Edit 1: I think that the question was not stated clearly enough so modified it a little
Edit 2:
I thought over the physics that lies behind this question which led me to reformulation of the original problem. Orbit itself in non physically significant. What really counts is its image in projective space!
Edit 3:
I changed the title and added new part of the question (see below). It is directly related to the original problem ( which was answered by David Bar Moshe) so I decided not to make it a separate question.
Edit 4: I erased the second part of the question and made it into a separate one – see here. Sorry for this mess…
Setting:
Let $G_0$ be a compact, simply connected Lie group giving rise to a semi-simple Lie Group $G$ (its Lie algebra I denote by $\mathfrak{g}$).

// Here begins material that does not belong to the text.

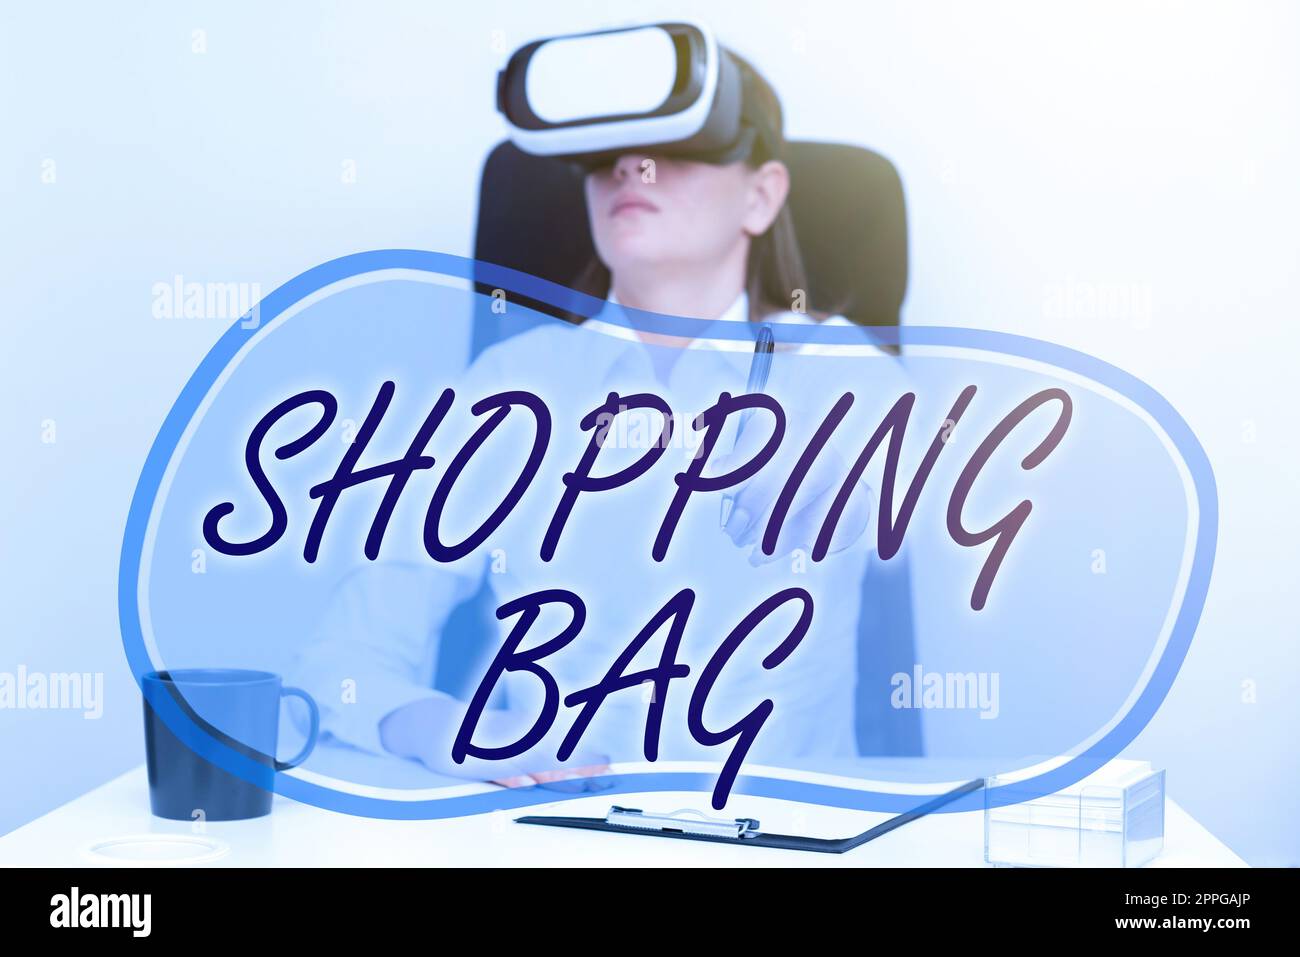 Konzeptionelle Bildunterschrift Shopping Bag. Schaufenstercontainer für den Transport von persönlichen Besitztümern oder Einkäufen Stockfoto
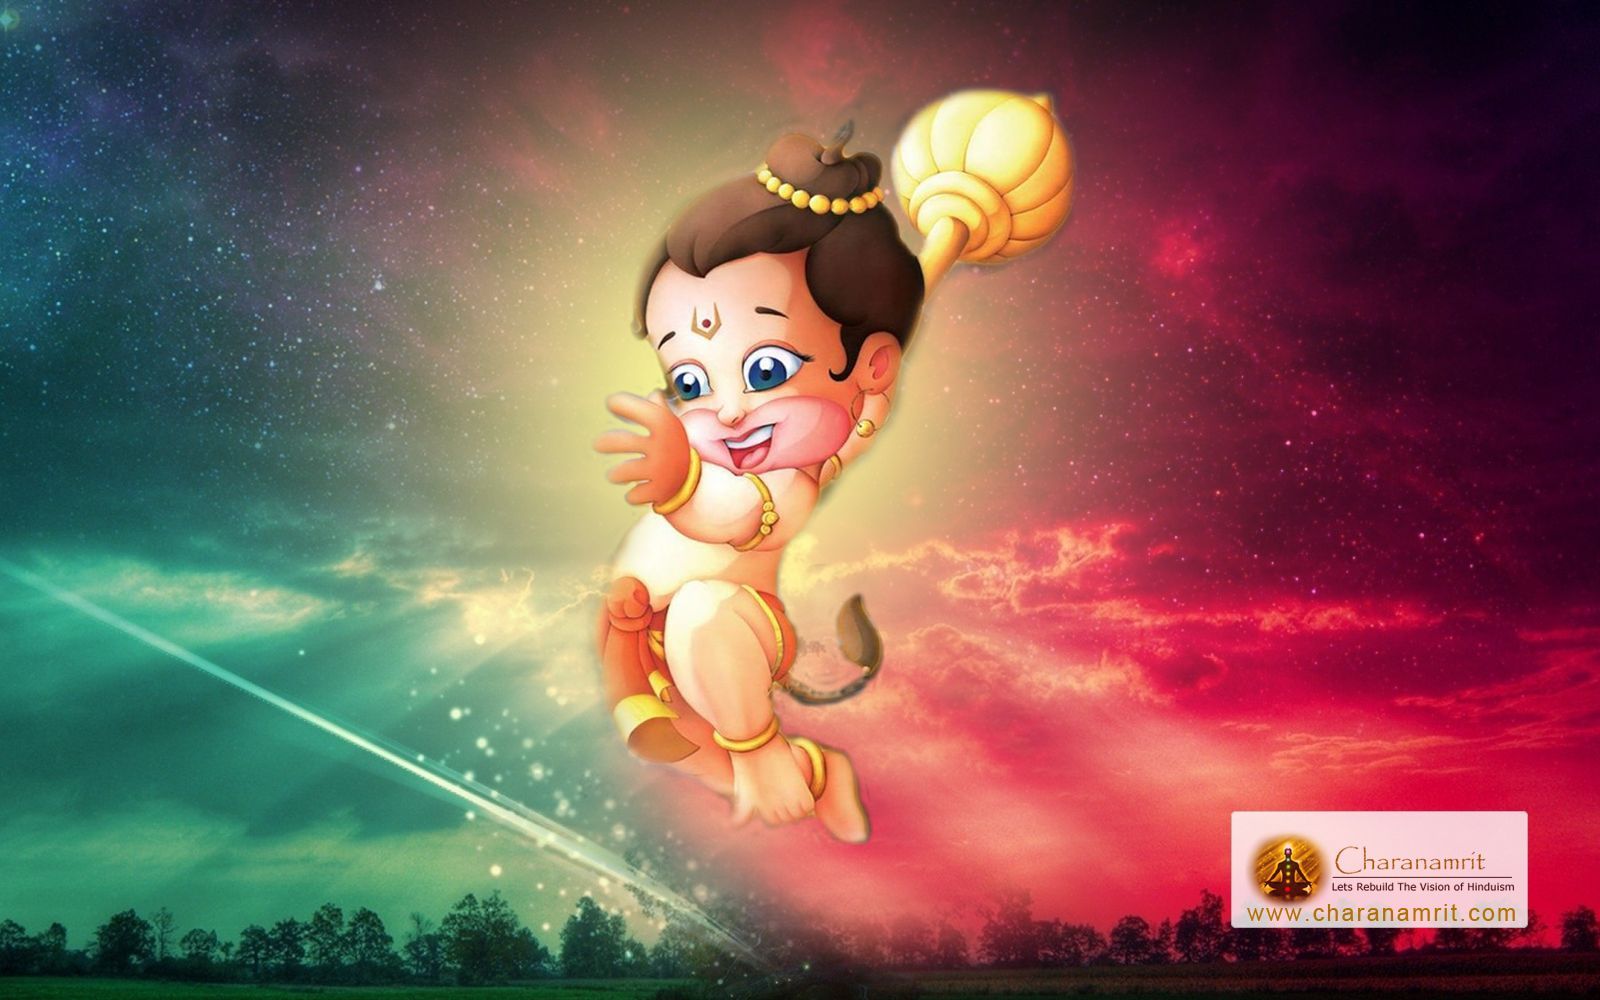 Hanuman Animated Wallpapers - Wallpaper Cave

Let $V_{\lambda}$ be a finite dimensional complex vector space on which $\mathfrak{g}$ is irreducibly represented (with the highest weight $\lambda$ and highest weight vector $v_\lambda$).
Context:
In the article by Lichteinstein:
http://www.ams.org/journals/proc/1982-084-04/S0002-9939-1982-0643758-8/S0002-9939-1982-0643758-8.pdf
there is a quadratic criterion that enables one to say whether a given vector $v\in V_\lambda$ belongs to the orbit of $G$ through the highest-weight vector $v_\lambda$. It says that a given $v$ is on the orbit of our interest iff:
$\Omega (v\otimes v) =\langle 2\lambda+2\delta,2\lambda\rangle (v\otimes v)$ (that's the equation (1) in this article)
$\Omega$ is the representation of the second order Casimir operator (treated as a member of universal enveloping algebra of $\mathfrak{g}$) in $V_{\lambda}\otimes V_{\lambda}$.
$\delta=\frac{1}{2}\sum_{\alpha>0}\alpha$ (summation over all possitive roots of $\mathfrak{g}$)
$\langle\cdot ,\cdot \rangle $ – a standard inner product on Cartan algebra dual $\mathfrak{h}^*$ .
Question:
Let $\mathbb{P}V_\lambda$ be a complex projective space of $V_\lambda$ and let $\pi:V_\lambda\rightarrow \mathbb{P}V_\lambda$ be a canonical map to projective space. Define:
$O_{v_{\lambda}} $ – orbit of $G$ through $v_\lambda$
$O_{v_\lambda}^0 $ – orbit of $G_0$ through $v_\lambda$
Is it true that $\pi(O_{v_\lambda}) = \pi(O_{v_\lambda}^0)$ ?
In physics articles I came across criterion stated in the "context" part is interpreted as a necessary and sufficient condition for a given $v$ to be precisely on the orbit of $G_0$ through $v_\lambda$. In the quantum mechanical context what really matters are images of vectors from $V_\lambda$ in associated projective space (phase and normalization do not play a role ) – that's why physically interesting object is associated with the image of actual orbit in projective space.
Best Answer
Let $H$ be the isotropy group of the highest weight ray $\pi(v_\lambda)$ in $G_0$ and $P$ the highest weight ray isotropy group in $G$. It is easy to see that $H$ is the centralizer of the torus generated by the coroots corresponding to the nonvanishing components of $\lambda$ in the weight basis, which is a consequence of the fact that $v_\lambda$ is annihilated by the all positive roots generators and by the negative root generators corresponding to the vanishing weight components of $\lambda$. By the same reasoning $P$ is a parabolic subgroup of $G$ whose Lie algebra is the union of the complexification of the $H$ Lie algebra and the Borel subalgebra of the positive root generators.
Thus, what we are really looking for is the standard isomorphism between $G_0/H$ and $G/P$ as real homogeneous spaces. A sketch of the proof is given nicely for the nondegenerate case by Hogreve,Muller,Potthoff,Schrader in Commun. Math. Phys. 131, 465-494 (1990) , (section 2.3). I'll try to repeat it here for completeness:
On one hand the real span of the Lie algebras of $G_0$ and $P$ is the whole of $G$, thus the $G_0$ orbit is open in the $G$ orbit, on the other hand it is closed by being compact, thus the orbits are the same.